KANSAS CITY, Mo. — Allan J. Katz is a distinguished visiting professor of political science at William Jewell College, and when asked to assess the current state of the 2020 general election, he offered this advice to voters.
"I think the message is everybody just needs to like take a big step back, take a deep breath. And let the process work with the people who are responsible for doing this do their job because they were faced with unprecedented challenges," Katz said. "Let people finish counting the votes. If there's questions about which vote should have been counted or whether they were counted improperly, whether they were received within the context of the law. That can all be dealt with."
Katz added that the days and weeks to come will be a test for multiple American systems.
"Each time we thought, we've tested our democracy to its outer limits. We get one more test. And I will say this is the test and we have to count the votes and we have to then, some states have automatic recount provisions, if the margin is too small, all that's going to happen," he said. "And ultimately, someone's going to claim that certain votes were counted that shouldn't have been counted or weren't counted that should have been counted. And that's going to wind up in court when you have margins this small."
Katz, a former United States ambassador to Portugal, is the founder of American Public Square, a local organization that focuses on bringing everyone from all political backgrounds together to engage in civil conversations on the issues important to voters.
He said their programming has gone virtual during the pandemic and is even more important in the post-election period.
"You can be on the other side. You can disagree. You can be a rival or an opponent, but you don't have to be an enemy. And I think that you don't have to because you disagree with someone, you don't have to discuss their motives, you can think their judgments terrible. You can disagree with the conclusion that they reach," Katz said. "The goal of American Public Square is to change the tone and the tenor of the conversation in the community and in some ways, we like to think we've had some success in many ways, of course, we haven't had success at all because the tone and tenor still pretty lousy. I think what our goal is going to be. It's going to be to sort of expand throughout the community."
Dr. Bill Horner, a teaching professor and director of undergraduate studies at the University of Missouri, pointed out each state handles elections and tabulations a little differently. He said just because Arizona or Pennsylvania’s process looks different than the one in Missouri, doesn’t make it fraudulent.
“I’m not sure we do a great job educating everybody about that,” Horner said. “I think everyone thinks Election Day is Election Day and by the end of the night we know how it goes. There’s so many differences between states.”

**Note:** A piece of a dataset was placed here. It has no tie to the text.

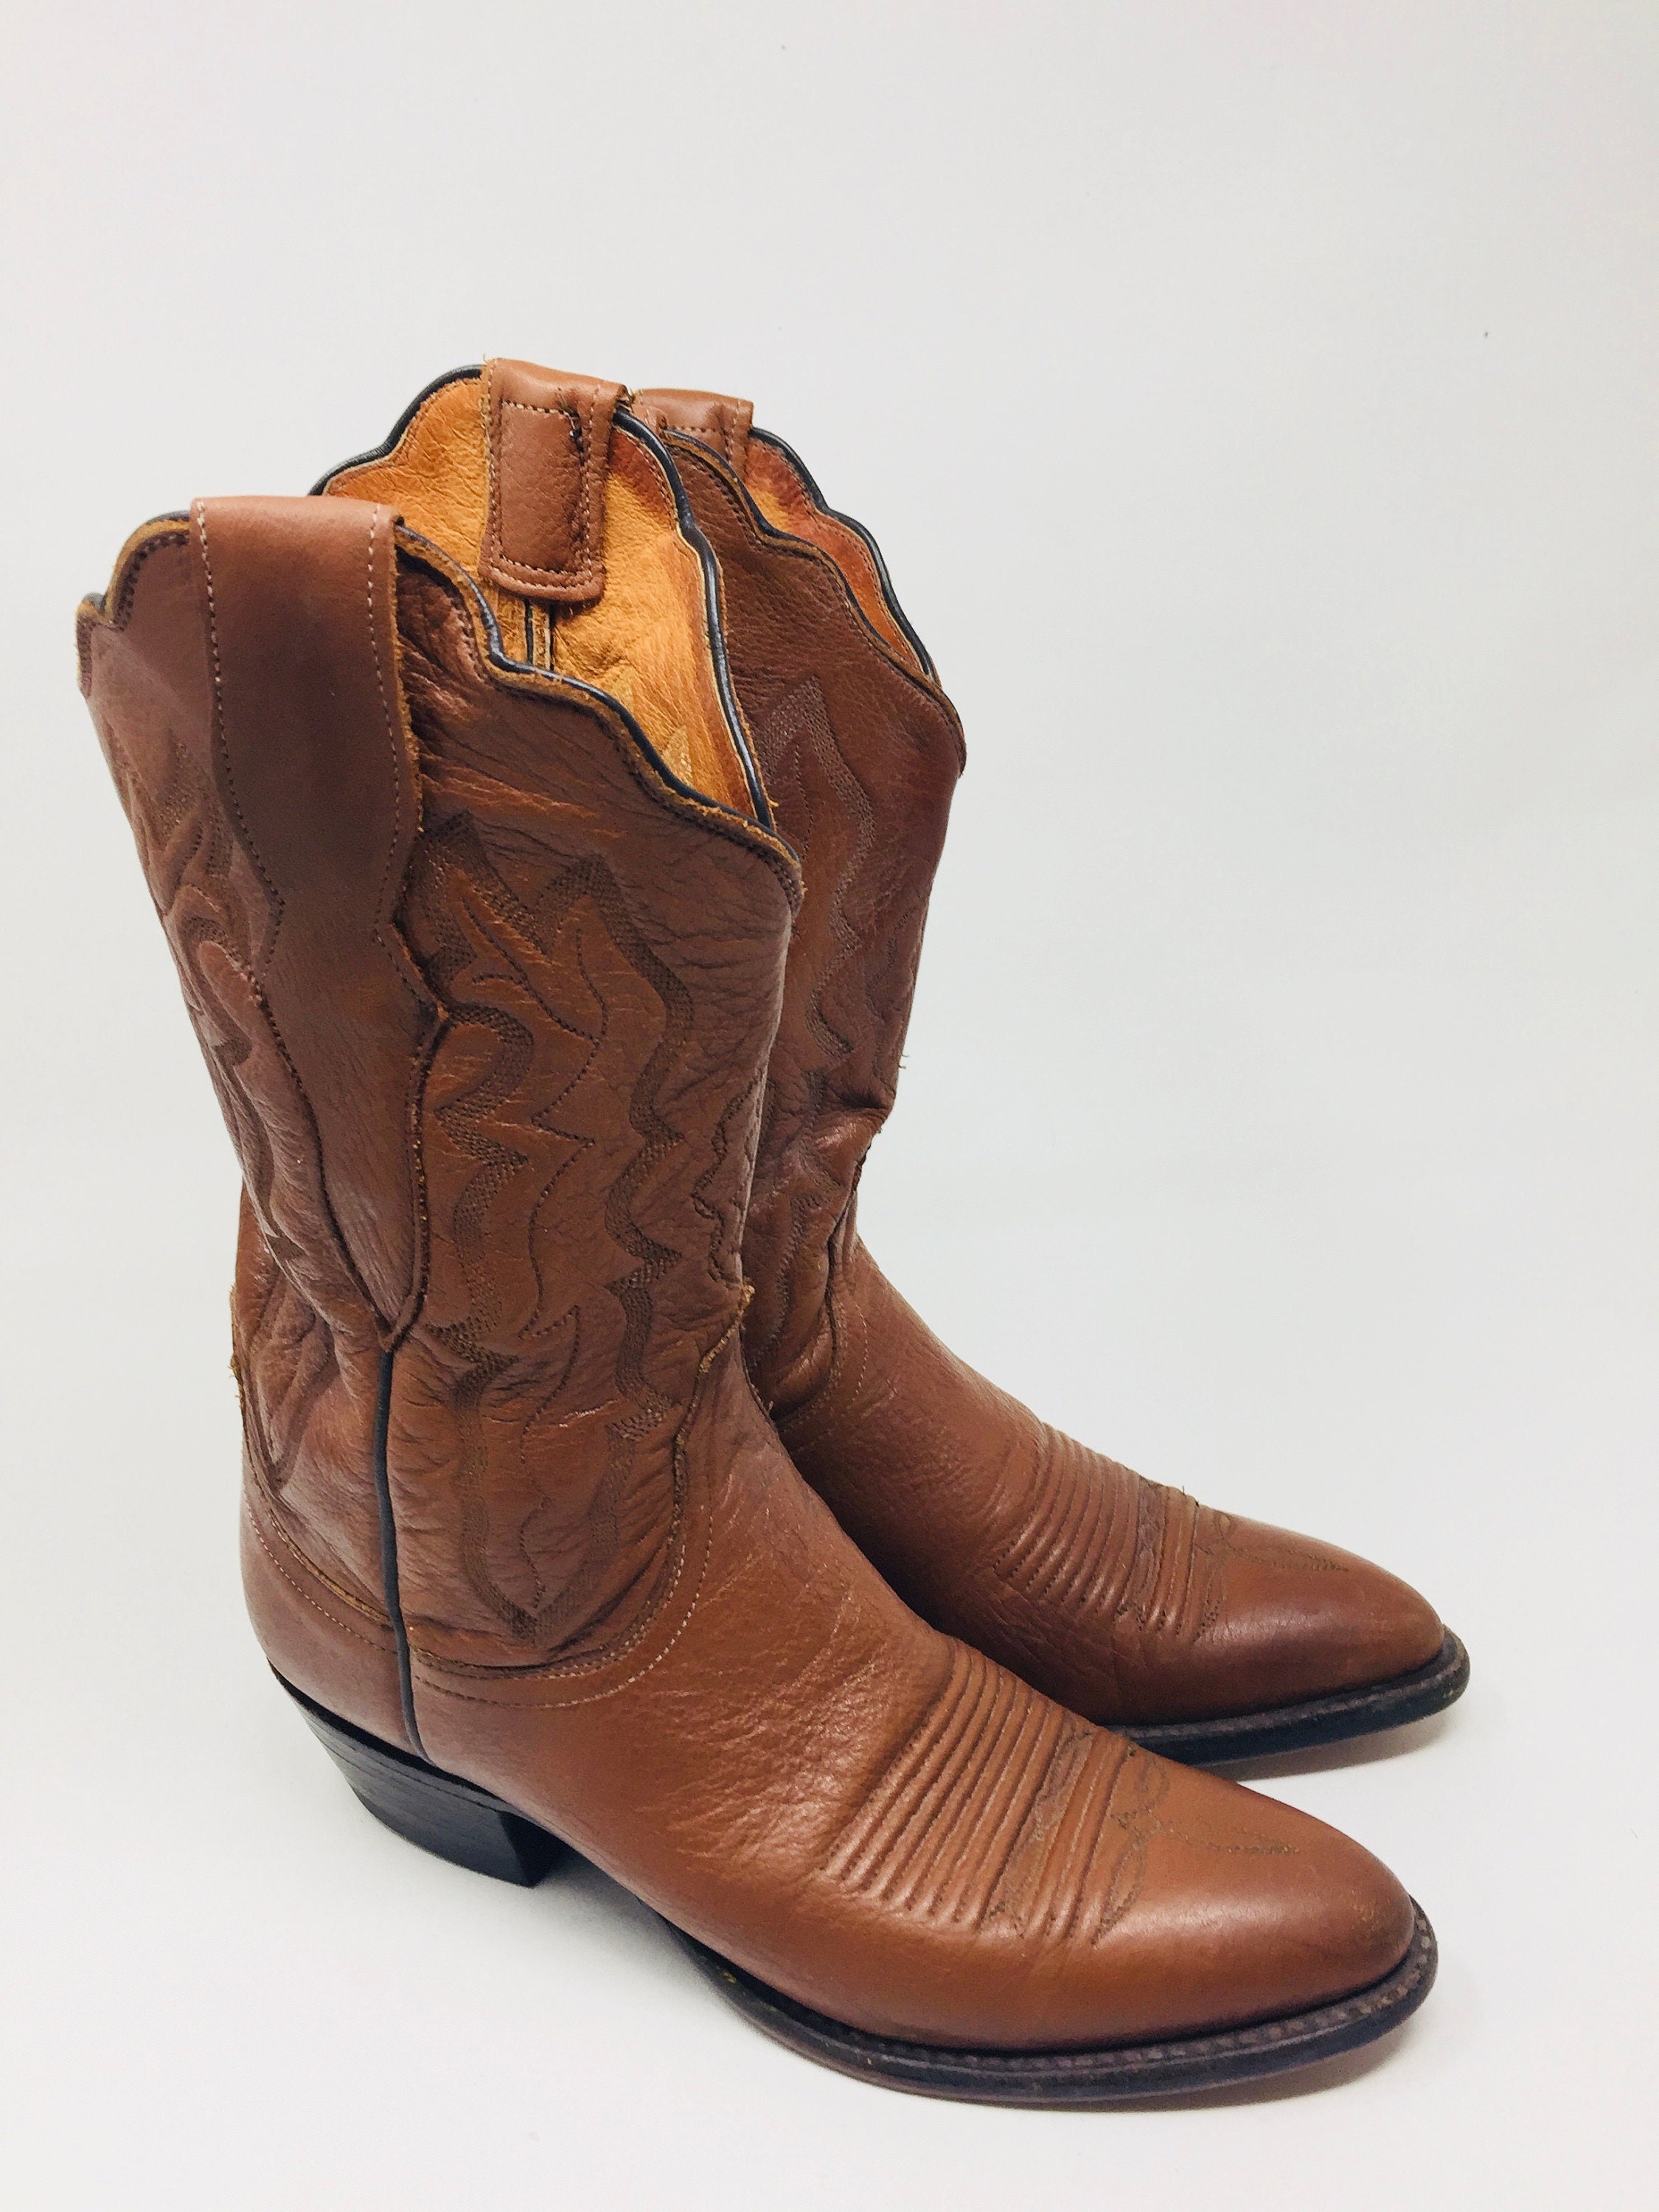 handmade cowboy boots uk

He’s worried the divisiveness surrounding the election process will hurt the country in the long run. But Dr. Beth Vonnahme, an associate dean in the College of Arts and Science and associate professor in the Political Science Department at University of Missouri - Kansas City, said there are reasons to be positive and hopeful throughout this process.
“We can get bogged down in the partisan debates, but what we should hold on to is people were passionate about their candidates and showed up to vote for the senate and the house and the president. I think that’s really important to keep in mind,” Vonnahme said.
All three experts agree its best for a state to take its time sorting and counting votes in order to get the legitimate result the first time and not have to make a correction later.